Re: [PATCH] acpi: cpuhp: fix guest-visible maximum access size to the legacy reg block

Christian Ehrhardt Thu, 02 Mar 2023 00:37:02 -0800

On Wed, Mar 1, 2023 at 9:04 AM Laszlo Ersek <ler...@redhat.com> wrote:
>
> Hello Christian,
>
> On 3/1/23 08:17, Christian Ehrhardt wrote:
> > On Thu, Jan 5, 2023 at 8:14 AM Laszlo Ersek <ler...@redhat.com> wrote:
> >>
> >> On 1/4/23 13:35, Michael S. Tsirkin wrote:
> >>> On Wed, Jan 04, 2023 at 10:01:38AM +0100, Laszlo Ersek wrote:
> >>>> The modern ACPI CPU hotplug interface was introduced in the following
> >>>> series (aa1dd39ca307..679dd1a957df), released in v2.7.0:
> >>>>
> >>>>   1  abd49bc2ed2f docs: update ACPI CPU hotplug spec with new protocol
> >>>>   2  16bcab97eb9f pc: piix4/ich9: add 'cpu-hotplug-legacy' property
> >>>>   3  5e1b5d93887b acpi: cpuhp: add CPU devices AML with _STA method
> >>>>   4  ac35f13ba8f8 pc: acpi: introduce AcpiDeviceIfClass.madt_cpu hook
> >>>>   5  d2238cb6781d acpi: cpuhp: implement hot-add parts of CPU hotplug
> >>>>                   interface
> >>>>   6  8872c25a26cc acpi: cpuhp: implement hot-remove parts of CPU hotplug
> >>>>                   interface
> >>>>   7  76623d00ae57 acpi: cpuhp: add cpu._OST handling
> >>>>   8  679dd1a957df pc: use new CPU hotplug interface since 2.7 machine 
> >>>> type
> >>>>
> > ...
> >>
> >> The solution to the riddle
> >
> > Hi,
> > just to add to this nicely convoluted case an FYI to everyone involved
> > back then,
> > the fix seems to have caused a regression [1] in - as far as I've
> > found - an edge case.
> >
> > [1]: https://gitlab.com/qemu-project/qemu/-/issues/1520
>
> After reading the gitlab case, here's my theory on it:
>
> - Without the patch applied, the CPU hotplug register block in QEMU is
> broken.
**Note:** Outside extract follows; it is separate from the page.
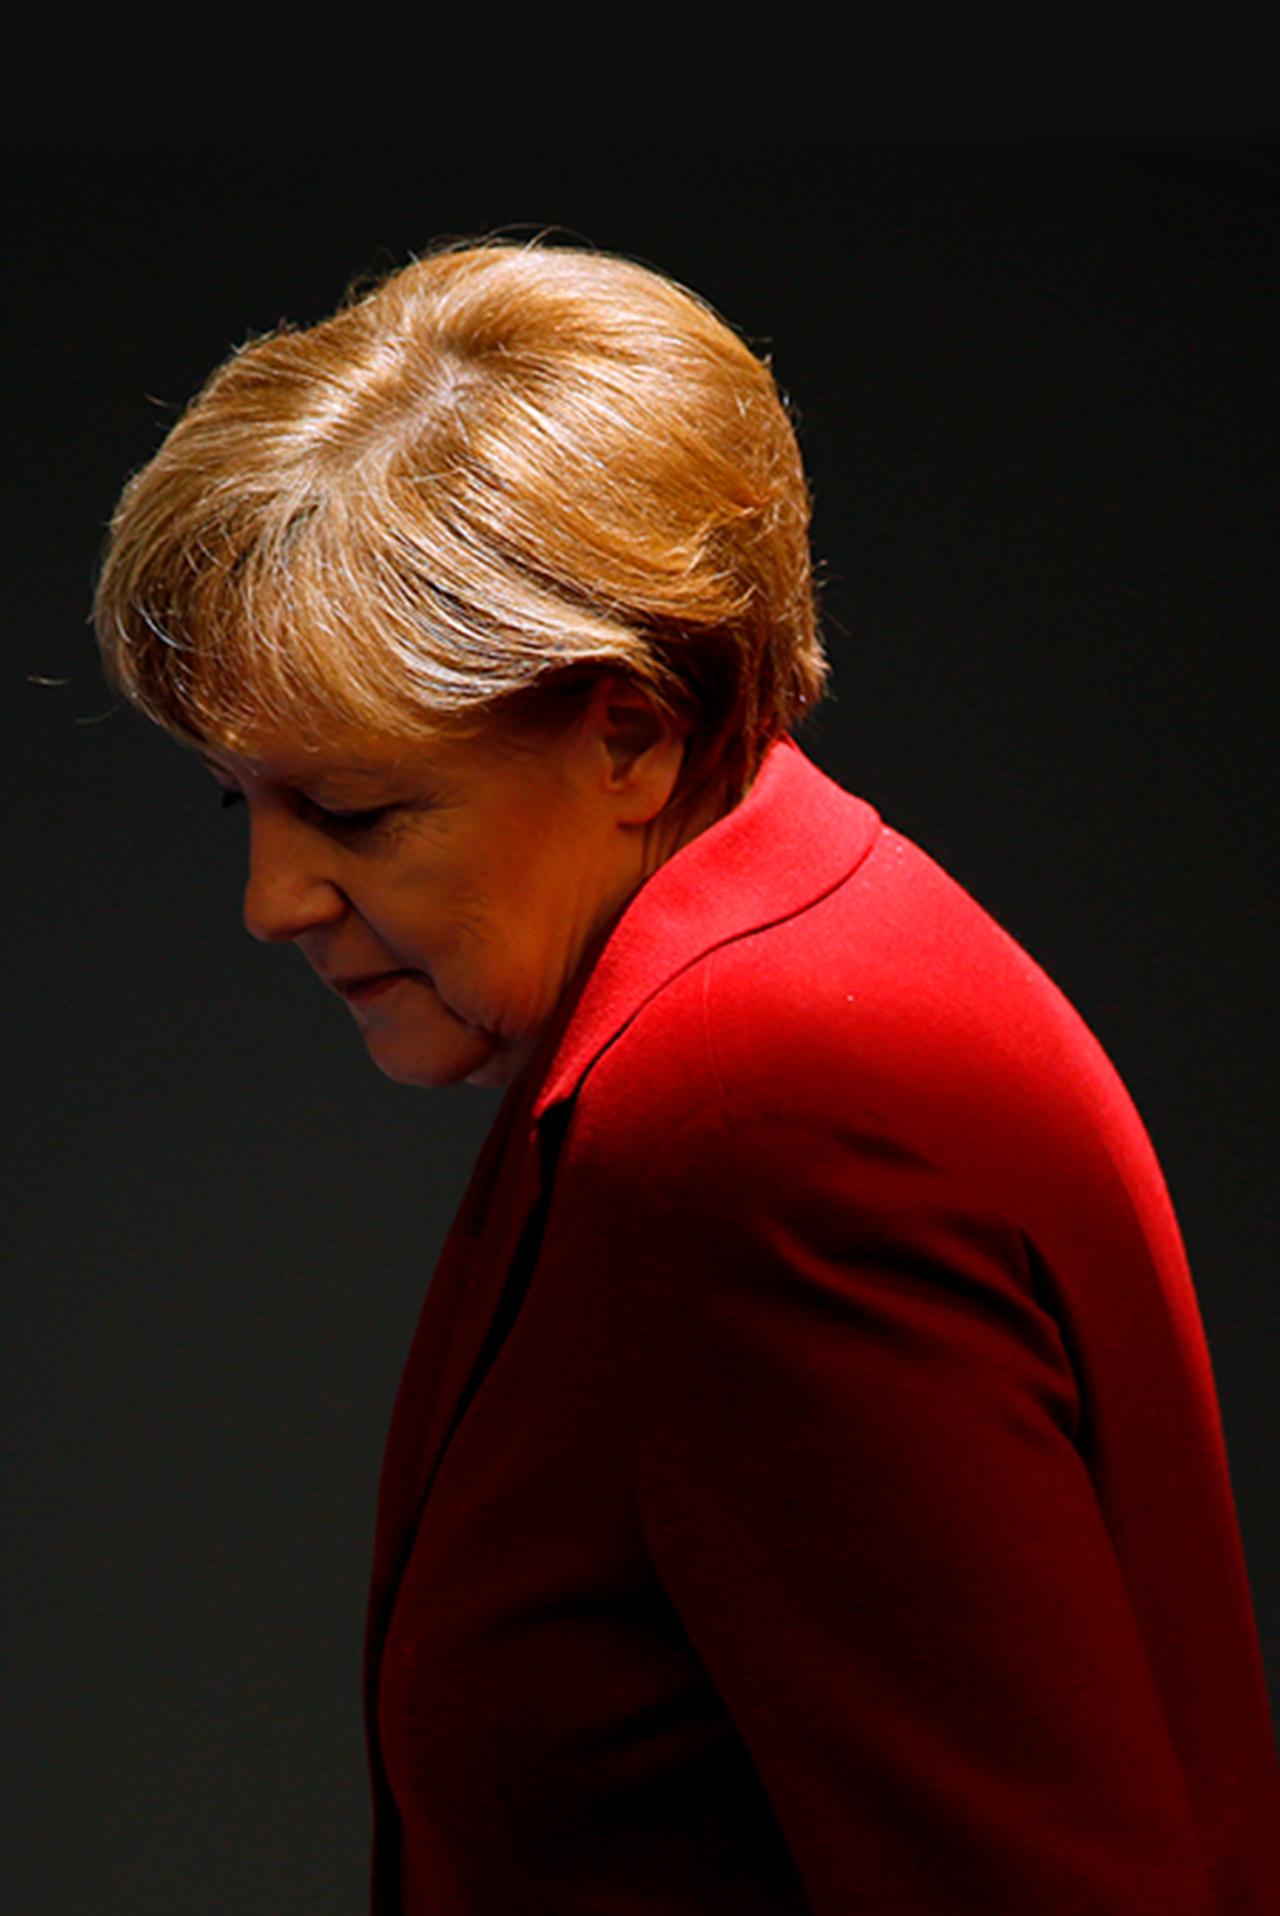 La canciller alemana, Angela Merkel, asiste a un debate en el Bundestag, la cámara baja del parlamento, en Berlín, el 19 de marzo de 2015. Merkel está ansiosa por hablar y posiblemente discutir con el griego Alexis Tsipras cuando haga su primera visita a Berlín como primer ministro. ministro el próximo lunes, dijo al parlamento alemán poco antes de la cumbre de la UE del jueves. REUTERS / Fabrizio Bensch

Effectively, it has *always* been broken; to put it differently,
> you have most likely *never* seen a QEMU in which the CPU hotplug
> register block was not broken. The reason is that the only QEMU release
> without the breakage (as far as a guest could see it!) was v5.0.0, but
> it got exposed to the guest as early as v5.1.0 (IOW, in the 5.* series,
> the first stable release already exposed the issue), and the symptom has
> existed since (up to and including 7.2).
>
> - With the register block broken, OVMF's multiprocessing is broken, and
> the random chaos just happens to play out in a way that makes OVMF think
> it's running on a uniprocessor system.
>
> - With the register block *fixed* (commit dab30fbe applied), OVMF
> actually boots up your VCPUs. With MT-TCG, this translates to as many
> host-side VCPU threads running in your QEMU process as you have VCPUs.
>
> - Furthermore, if your OVMF build includes the SMM driver stack, then
> each UEFI variable update will require all VCPUs to enter SMM. All VCPUs
> entering SMM is a "thundering herd" event, so it seriously spins up all
> your host-side threads. (I assume the SMM-enabled binaries are what you
> refer to as "signed OVMF cases" in the gitlab ticket.)
>
> - If you overcommit the VCPUs (#vcpus > #pcpus), then your host-side
> threads will be competing for PCPUs. On s390x, there is apparently some
> bottleneck in QEMU's locking or in the host kernel or wherever else that
> penalizes (#threads > #pcpus) heavily, while on other host arches, the
> penalty is (apparently) not as severe.
>
> So, the QEMU fix actually "only exposes" the high penalty of the MT-TCG
> VCPU thread overcommit that appears characteristic of s390x hosts.
> You've not seen this symptom before because, regardless of how many
> VCPUs you've specified in the past, OVMF has never actually attempted to
> bring those up, due to the hotplug regblock breakage "masking" the
> actual VCPU counts (the present-at-boot VCPU count and the possible max
> VCPU count).


Thank you for the detailed thoughts - if we can confirm this we can
close the case as "it is odd that there is so much penalty, but =>
Won't Fix / Works as Intended"

> Here's a test you could try: go back to QEMU v5.0.0 *precisely*, and try
> to reproduce the symptom. I expect that it should reproduce.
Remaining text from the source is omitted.